Semantic memory stores factual knowledge and concepts in organized network structures. Network models represent concepts as nodes connected by associative links of varying strength. Spreading activation through these networks explains semantic priming effects and how activation of one concept influences processing of related concepts.
Use semantic priming paradigms where prior exposure to related words speeds target recognition, demonstrating the network connectivity underlying semantic memory.

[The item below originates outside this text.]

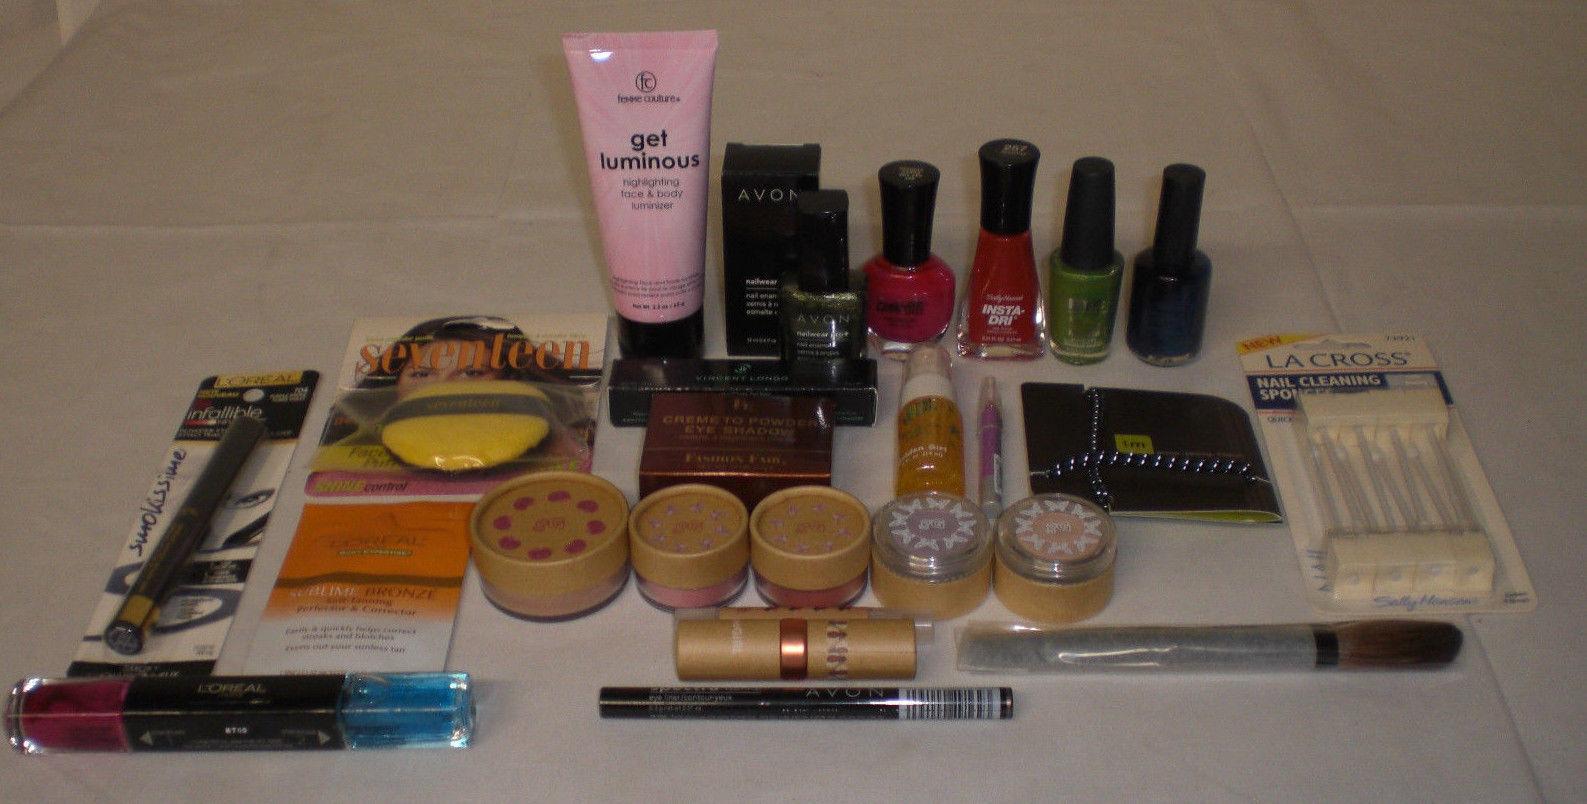 Brand name mixed makeup cosmetics HBA Sally Hansen Avon NYC GeoGirl Lot of 150 - $65.41

From your work on memory encoding, you know that deeper, meaning-based processing produces stronger memory traces than shallow surface processing. Semantic memory is the system that stores this meaning-based knowledge: facts about the world, word meanings, categorical relationships, and conceptual knowledge. Unlike episodic memory (memories of specific personal events tied to time and place), semantic memory is largely context-free — you know that Paris is the capital of France without remembering when or how you learned it. Network models attempt to formalize how this knowledge is organized and how activating one piece of knowledge influences access to related pieces.
The core architecture of network models is simple: concepts are represented as nodes in a network, connected by labeled links of varying strength. In Collins and Quillian's (1969) hierarchical network model, concepts are organized taxonomically — "canary" links to "bird" links to "animal," with properties stored at the highest applicable level. "Has wings" is stored at "bird," not duplicated for every bird species. This storage economy predicts that verifying "A canary can fly" should take longer than "A canary is yellow," because flight requires traversing up one level. Early experiments confirmed this prediction, suggesting a neat hierarchical structure. But the model failed when typicality was varied: people verify "A robin is a bird" faster than "A penguin is a bird," even though both are exactly one link from "bird." Typicality — how much a concept resembles the prototype — affects retrieval speed, and a pure hierarchy cannot explain this.
Collins and Loftus (1975) replaced the hierarchy with spreading activation networks, where link strength reflects degree of semantic relatedness rather than taxonomic level. When you activate the concept "fire," activation spreads outward through the network — strongly to closely associated concepts (fire engine, red, ambulance) and weakly to distant ones (sky, water). This spreading activation provides the mechanism for semantic priming: seeing the word "doctor" reduces your reaction time to recognize "nurse" because activation from "doctor" has already spread to the "nurse" node before the target appears. The amount of priming predicts the network distance between concepts — strongly associated pairs prime more, distant pairs prime less or not at all. Reaction time experiments can thus map the structure of semantic memory by measuring pairwise priming across large sets of word pairs.
The network framework also illuminates how semantic memory breaks down in neurological conditions. In semantic dementia (caused by anterior temporal lobe atrophy), patients lose semantic knowledge gradually — but not randomly. They lose atypical category members before typical ones (knowing "dog" but losing "hyena"), fine-grained distinctions before broad categories ("animal" preserved after "dog" is lost), and peripheral properties before defining ones. This pattern is exactly what spreading activation networks predict: typical members and central properties are more densely connected and receive activation from more directions, making them more robust to partial damage. Atypical members with fewer strong connections are lost first because their representation depends on links that degrade early. The network is not just a metaphor — it is a mechanistic account of semantic organization that predicts both the normal structure of knowledge retrieval and the specific pattern in which that structure fails.